Opinion from a Libertarian ViewPoint

Public Libraries Worry About Book Banning – LewRockwell

Posted by M. C. on October 2, 2018

Laurence is private guy.


…Of the 416 books challenged or banned in 2017, the Top 10 Most Challenged Books were:

  1. Thirteen Reasons Why
  2. The Absolutely True Diary of a Part-Time Indian
  3. Drama
  4. The Kite Runner
  5. George
  6. Sex is a Funny Word
  7. To Kill a Mockingbird
  8. The Hate U Give
  9. And Tango Makes Three
  10. I Am Jazz

These books were banned or challenged because they contained profanity, violence, same-sex relationships, sexual violence, sexually explicit situations, LGBT characters, vulgarities, offensive language, drug use, sex education, and/or references to suicide. The Pulitzer Prize-winning novel, To Kill a Mockingbird by Harper Lee, “was challenged and banned because of violence and its use of the N-word.”

Where are these books being challenged? No one who has ever visited my library has ever challenged or petitioned the government to ban any of my books. They are being challenged and banned because people saw them in public libraries and public school libraries.

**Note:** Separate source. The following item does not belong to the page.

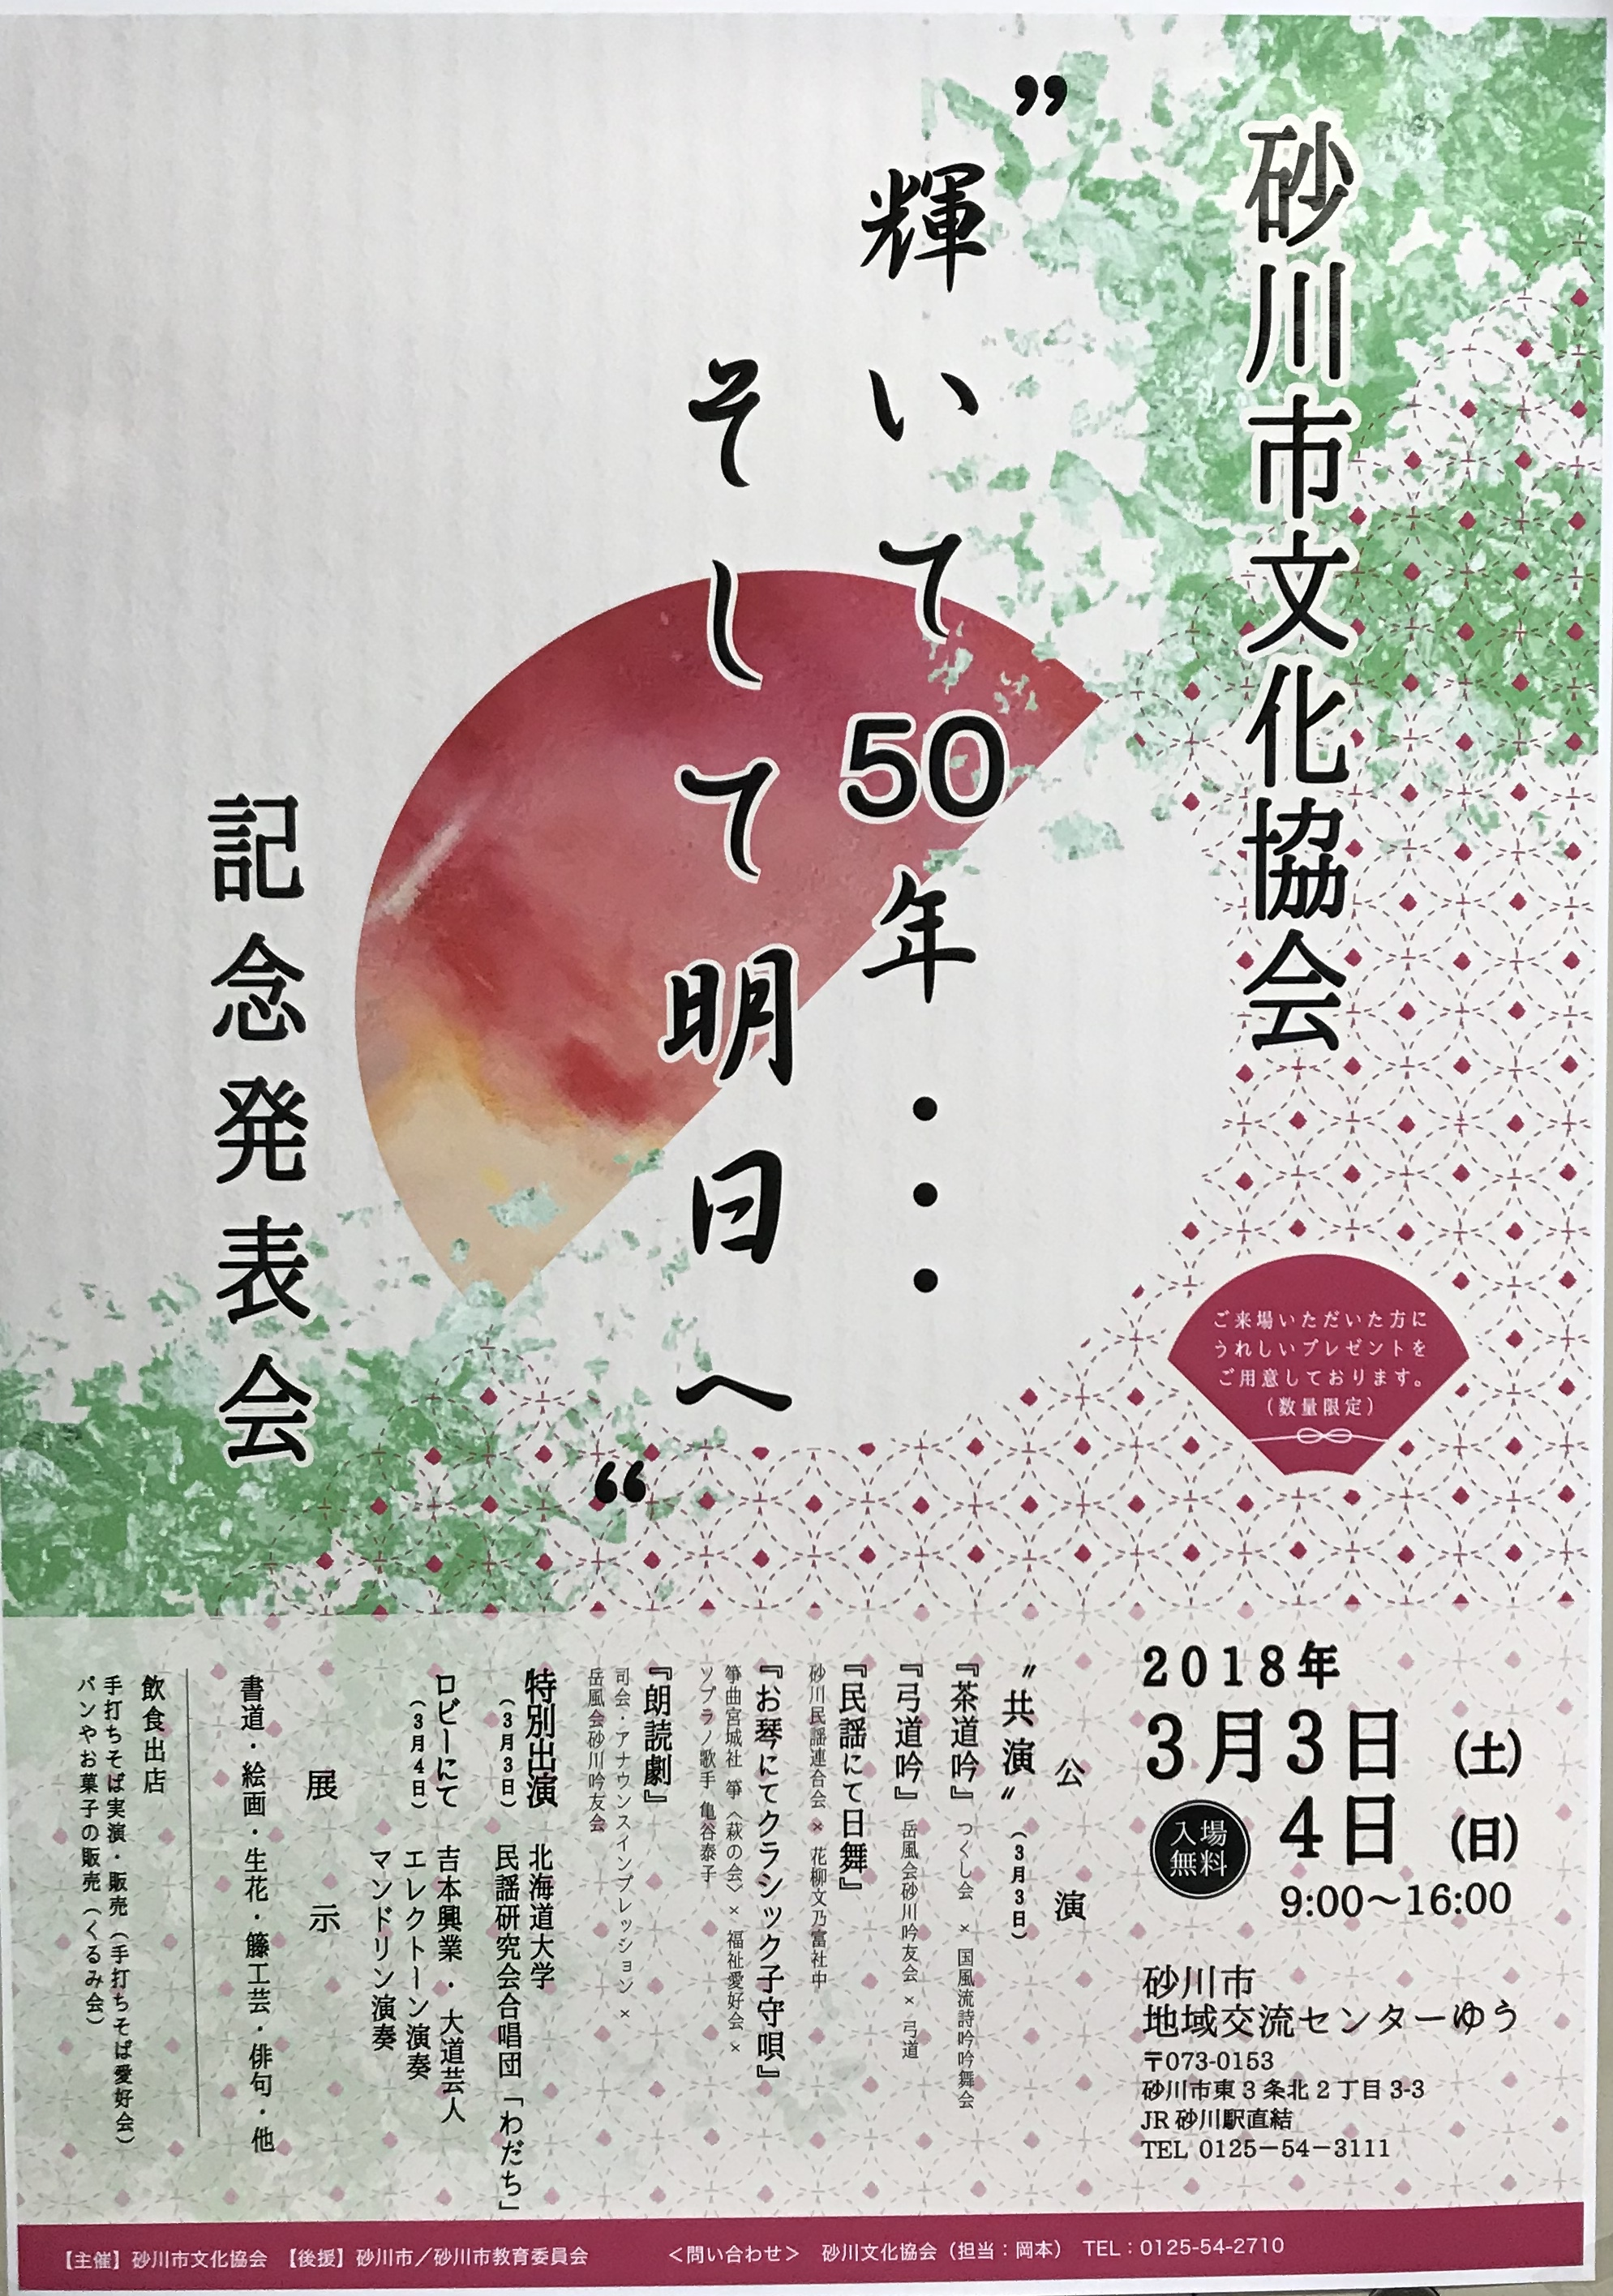 砂川市文化協会 記念発表会のポスター

I have read the descriptions of these books. Aside from the American Classic To Kill a Mockingbird, which was originally published in 1960, the other books all look like trash that I would never have let my kids read when they were in school.

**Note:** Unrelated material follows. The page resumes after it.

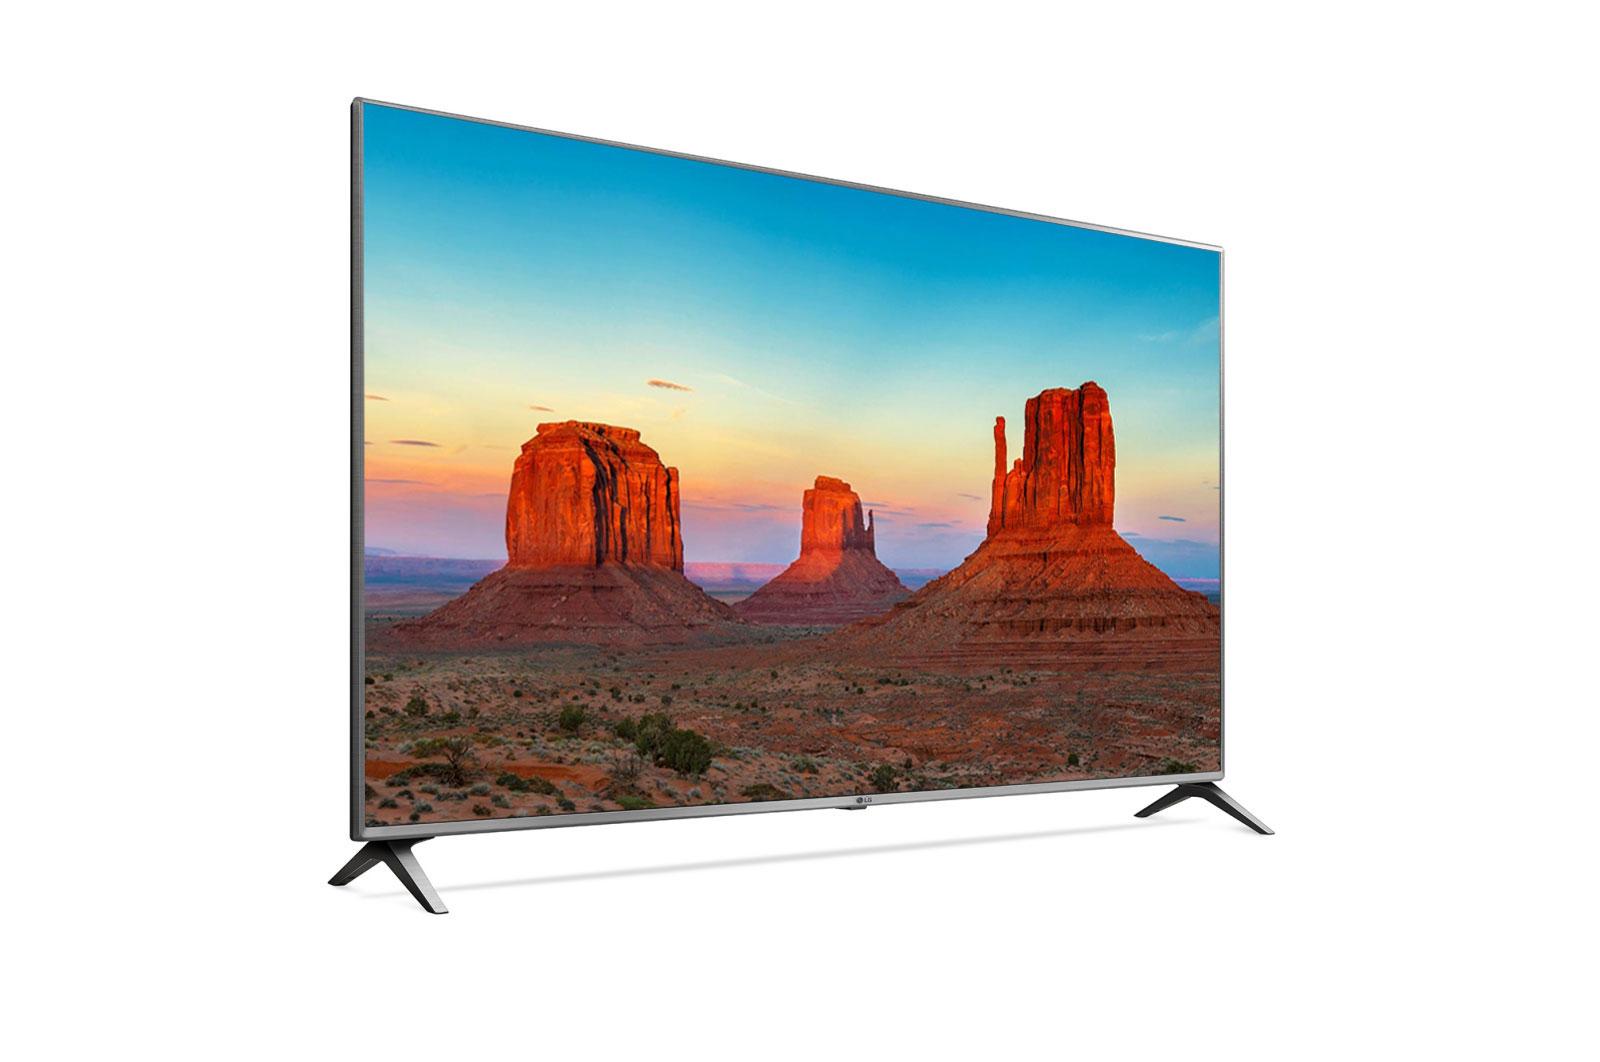 LG UHD TV 75 inch 75UK6500PTB Model

But rather than joining in the challenges to and rejoicing in the banning of these and other pieces of literary garbage, I am proposing a more radical solution. I challenge the existence of public libraries and propose that the government ban public schools…

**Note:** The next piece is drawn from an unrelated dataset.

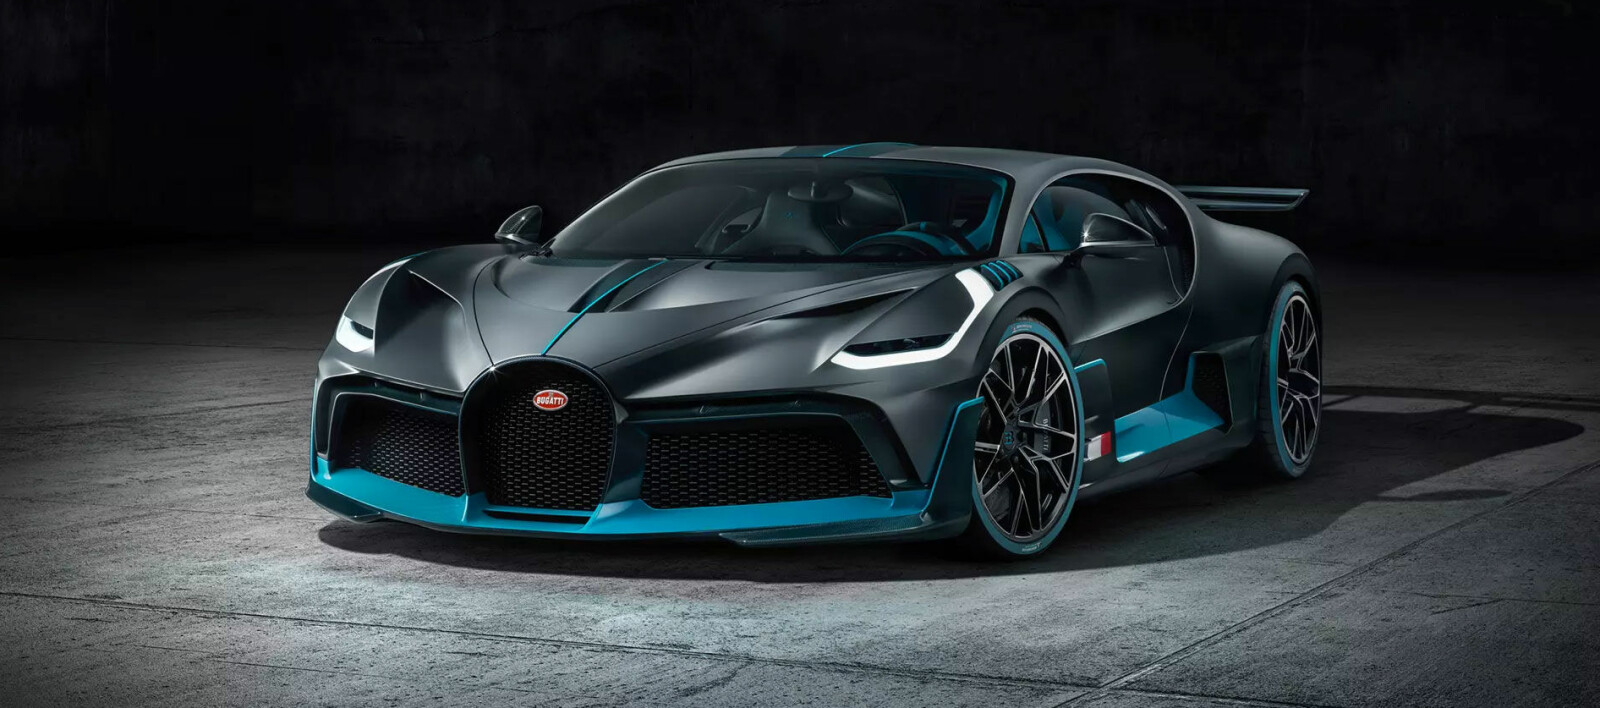 Her er Bugatti Divo. Pris: 50 millioner kroner - Motor

In a free society, all libraries and schools would be private. Private libraries and private school libraries would be free to ban any books from their shelves whether the books are challenged or not—just like bookstores do now. And just like homeowners already ban certain books from their home, dentists ban certain magazines from their waiting rooms, and businesses ban certain books from the workplace. Visitors to homes, clients of dentists, or patrons of businesses who object to books they find can protest or leave, but ultimately it is the property owner who decides what books will be permitted on the premises.

As long as there are public libraries and public schools, books will continue to be challenged and banned. The solution is to move to a private property society.